::: Data

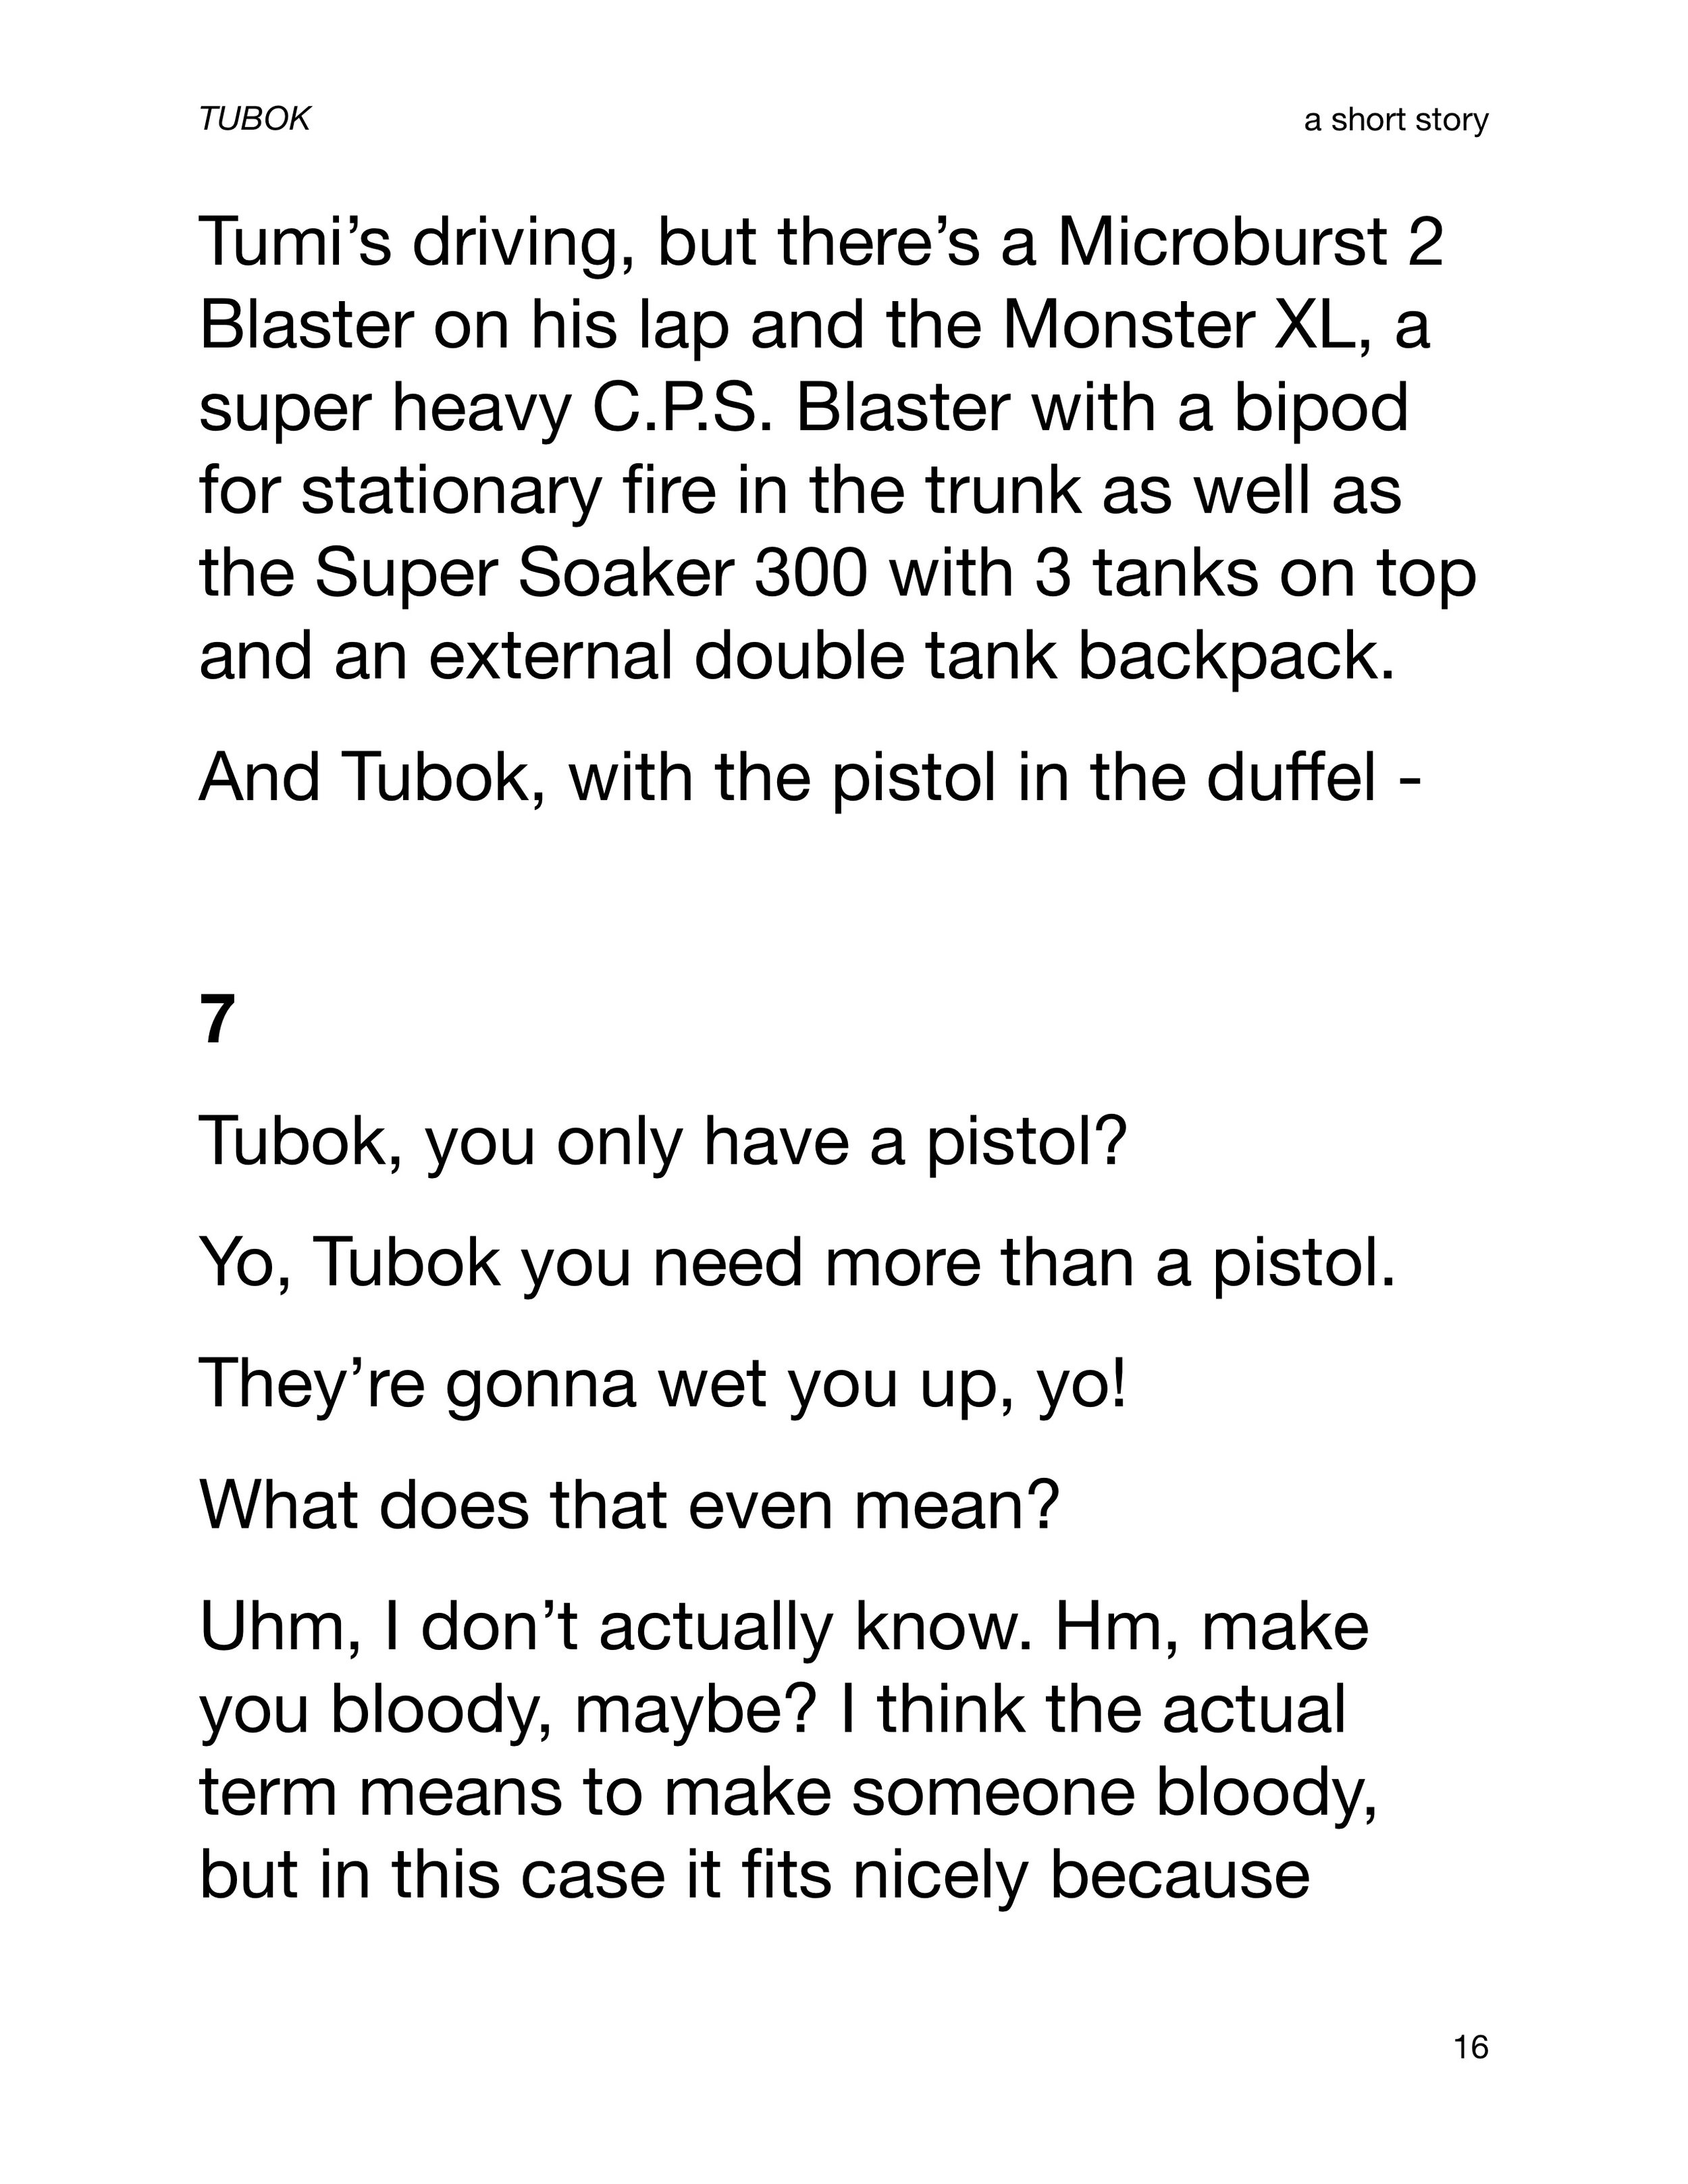 TUBOK (A Short Story) 16.jpg
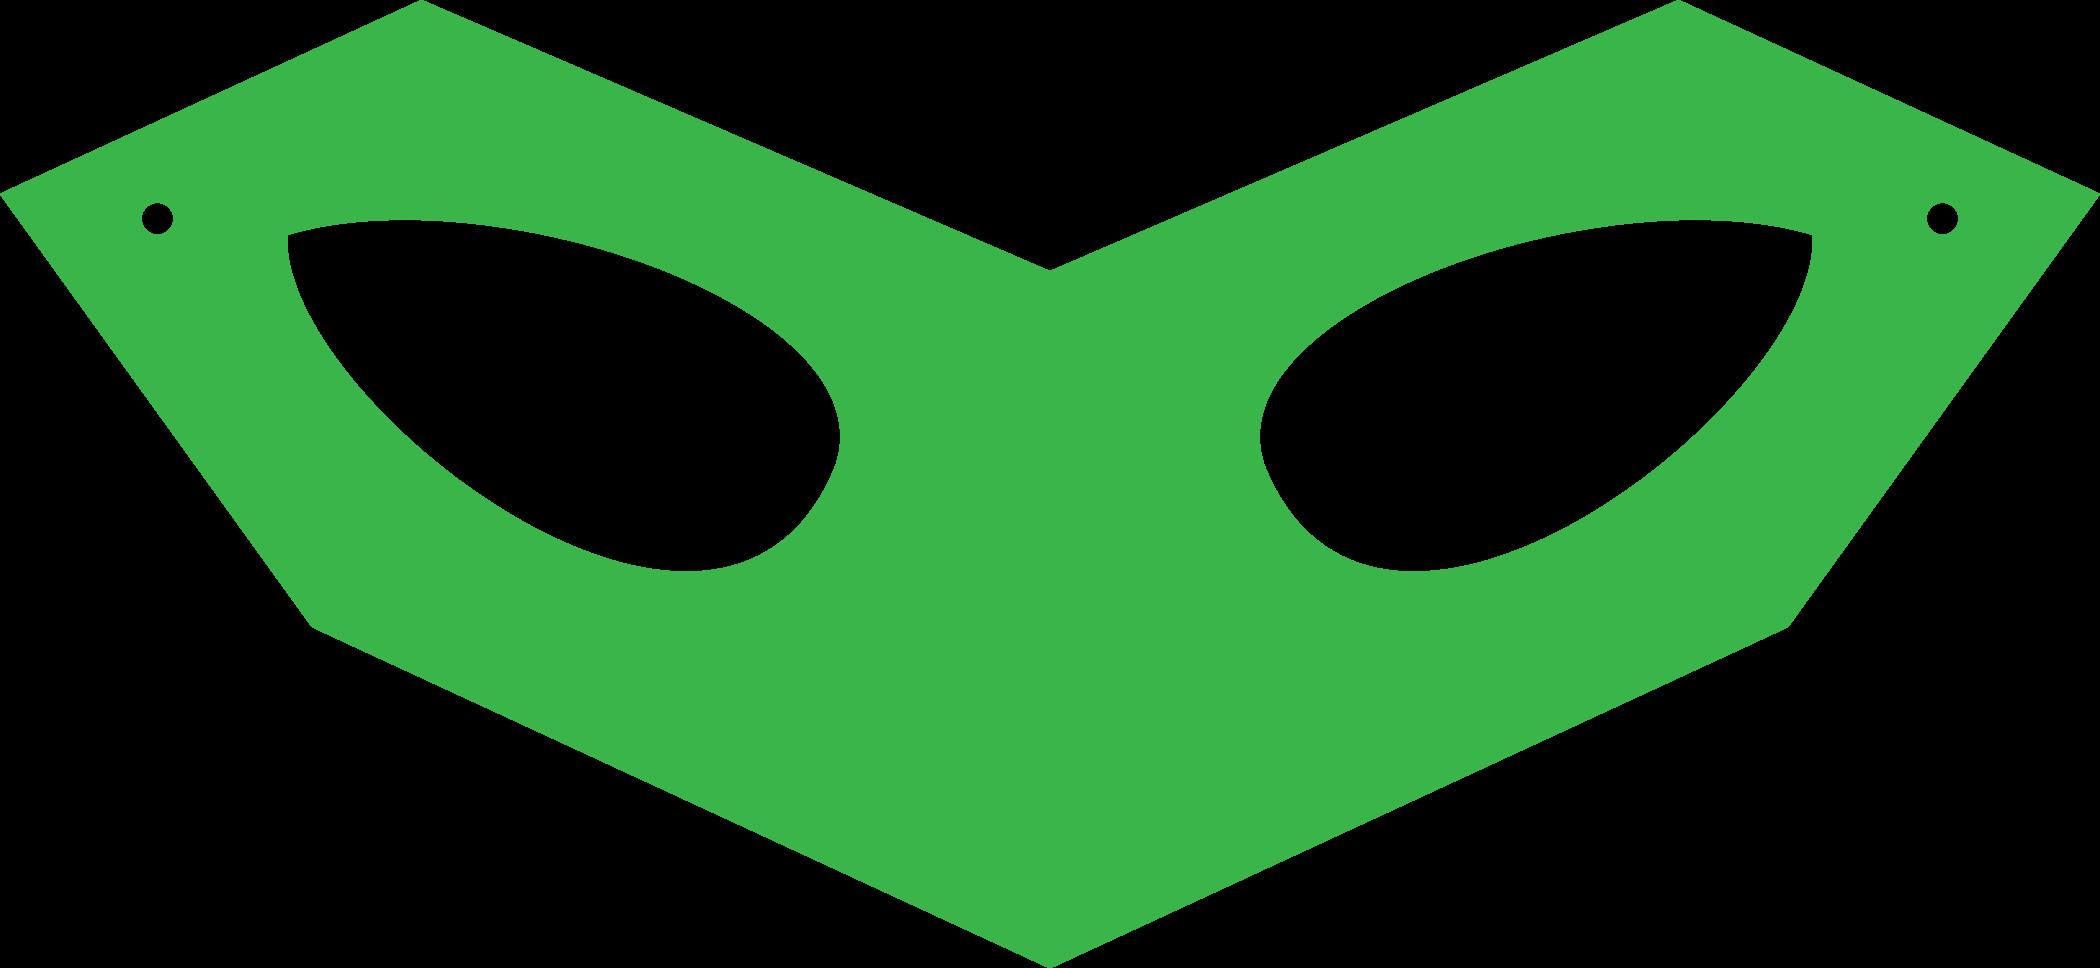 Green Lantern Mask Template Robin Mask Template
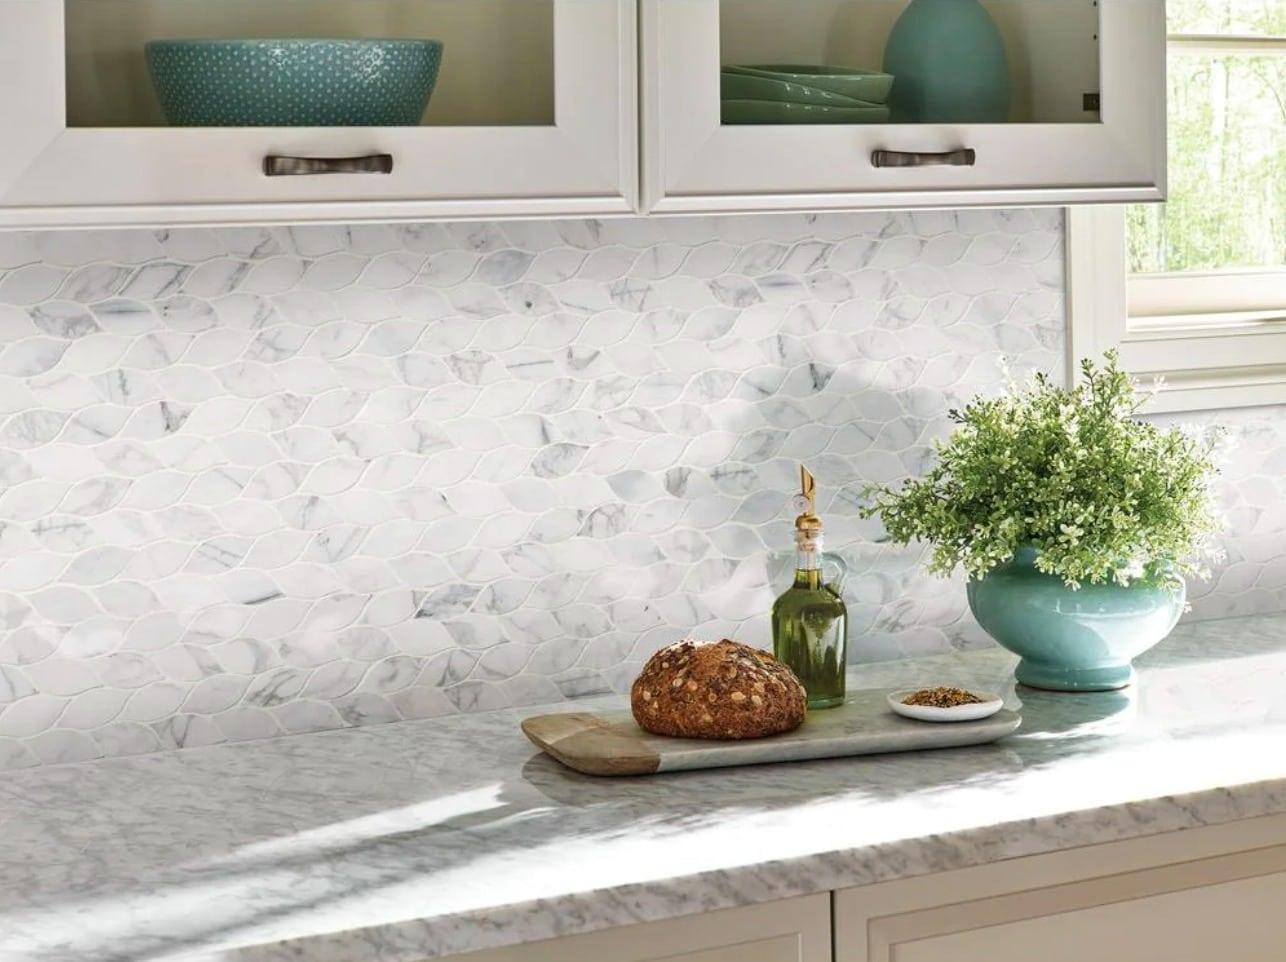 Choose Rustic Shapes with Modern Materials for a Natural Backsplash

::::::

Work item: The copy must match the listing above exactly, except that it holds no pictures.

Task result:
 TUBOK (A Short Story) 16.jpg
 Green Lantern Mask Template Robin Mask Template
 Choose Rustic Shapes with Modern Materials for a Natural Backsplash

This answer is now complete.